United States v. Ortega, Case No. CR415-134

Decision Date30 October 2015
Docket NumberCase No. CR415-134
CourtU.S. District Court — Southern District of Georgia
PartiesUNITED STATES OF AMERICA v. GERALD MICHAEL ORTEGA
REPORT AND RECOMMENDATION

Defendant, charged with the receipt and possession of child pornography, has moved to suppress all evidence seized from his residence and personal computer pursuant to a search warrant issued by a magistrate judge for Effingham County, Georgia, as well as all statements he made to law enforcement thereafter.
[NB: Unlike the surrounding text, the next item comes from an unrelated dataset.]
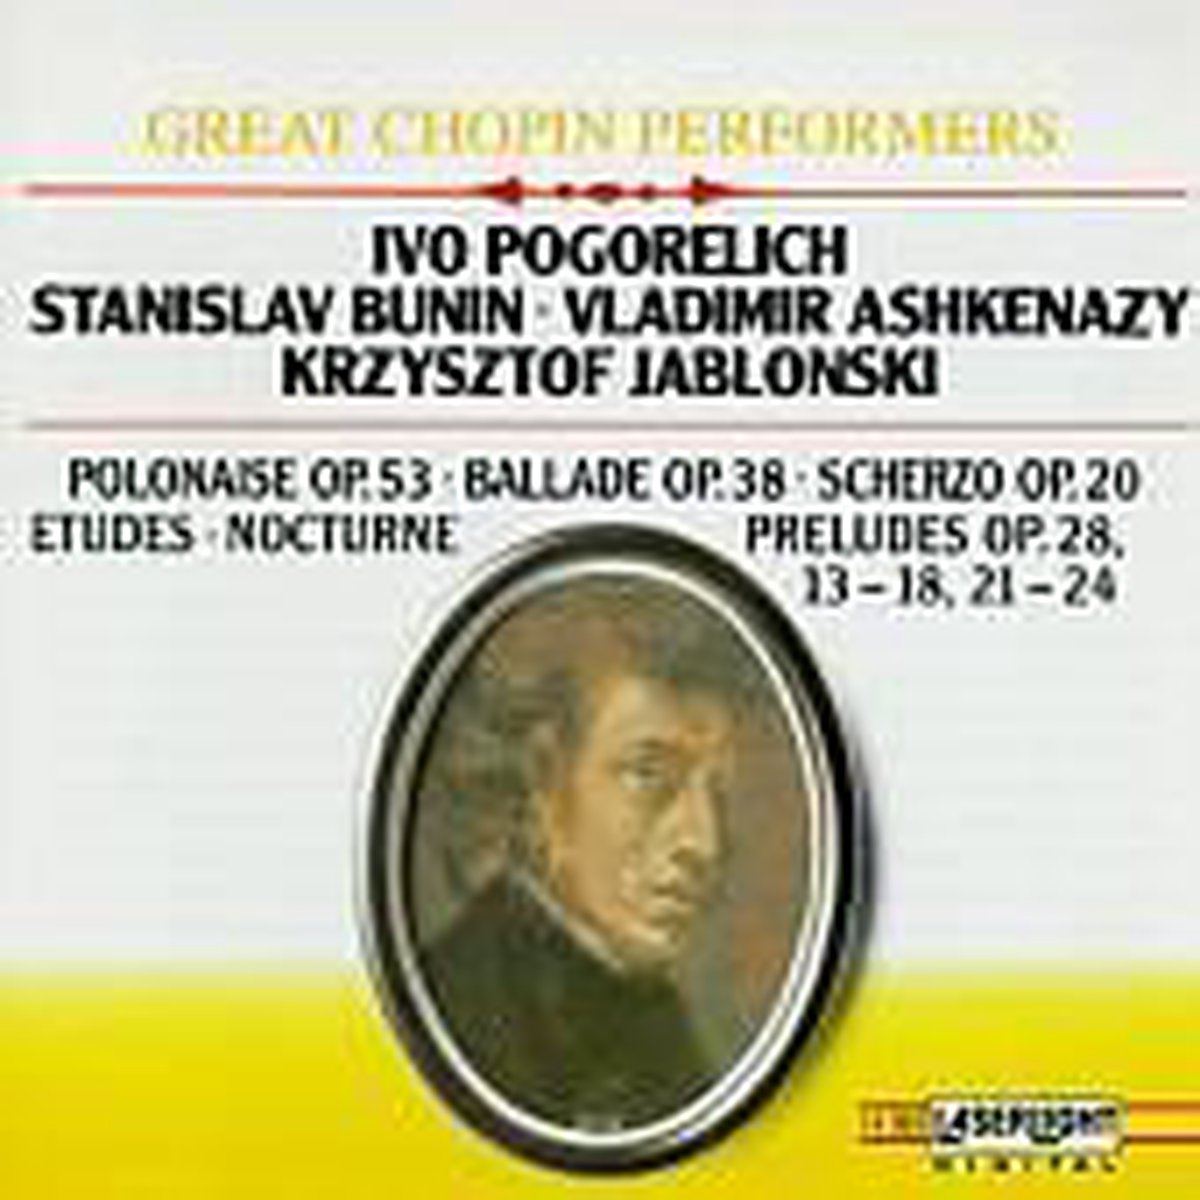 Chopin: Polonaise Op. 53; Ballade Op. 38; Scherzo Op. 20; Etudes; Nocturne; Preludes Op. 28 Nos. 13-18, 21-24 - Vladimir Ashkenazy / Stanislav Bunin / Krzysztof Jablonski

Doc. 29. He contends that a state detective illegally obtained the information central to the probable cause basis for the search warrant, and thus that the search violated his "Fourth Amendment right to the privacy of his confidential information." Id. at 3.

I. BACKGROUND

During the month of June 2015, Effingham County Sherriff's Deputy Joe Heath investigated child pornography via "peer-to-peer" computer networks. Doc. 30-1 at 4. On June 15, 2015 he applied for a warrant to search 15 Walnut Way Rincon, Georgia 31326, and seize images of and electronic equipment used to download child pornography. Doc. 30-1 at 8-10. The affidavit supporting the warrant application stated that, on June 8, 2015, Comcast Cable replied to a subpoena from Heath and revealed defendant as the subscriber for IP address 98.244.162.133 from April 21, 2015 - June 8, 2015. Id. at 5.

On June 14, 2015, Heath observed a computer operating at 98.244.162.133 offering for download "at least one image file" that he had seen in previous investigations and that he believed "contain[ed] child pornography." Id. at 4. He unsuccessfully tried to download the suspect file after connecting to the remote host computer at 98.244.162.133, but was able to obtain the file's unique "MD5 hash value,"1 which matched the value of a child pornography file he downloaded in a previous investigation. Id. He reviewed that investigation's digital file, found that it matched the hash value of the file 98.244.162.133 offered, and so was "able to confirm it to be" child pornography. Id. at 4-5.

Agents of the Southeast Georgia Child Exploitation Task Force executed the warrant at Ortega's Rincon home on June 16, 2015. They seized a computer, on which they located images and videos of child pornography. Defendant's indictment followed less than a month later. Doc. 1 (filed July 8, 2015).

II. ANALYSIS

In his initial motion, defendant argued that the subpoena Heath used to obtain the subscriber information for 98.244.162.133 violated the Electronic Communications Privacy Act (ECPA), and defendant's Fourth Amendment rights. See doc. 29 at 3. At the October 6, 2015 evidentiary hearing, he argued that the subpoena violated state subpoena law and the ECPA, and thus the Fourth Amendment. Now, in supplemental briefing, defendant additionally argues that Heath "knowingly and intentionally made a false statement" in his warrant affidavit by listing defendant's residence as the search location when nothing connected his computer with 98.244.162.133 on June 14, 2015. Doc. 37 at 5.2

A. Legality of the Comcast Subpoena

At the suppression hearing, defendant argued that (1) Heath failed to comply with a state statute governing the issuance of subpoenas,3 and thus also the ECPA,4 and (2) the subpoena failed to qualify under the ECPA as a "court order" issued by a "court of competent jurisdiction" since it was signed only by a magistrate, not superior court, judge.5 Defendant contends that without the "unlawfully-obtained" information from Comcast regarding the physical location of the IP address under investigation, the search warrant affidavit fails to establish probable cause for the search of his residence. Doc. 29 at 3.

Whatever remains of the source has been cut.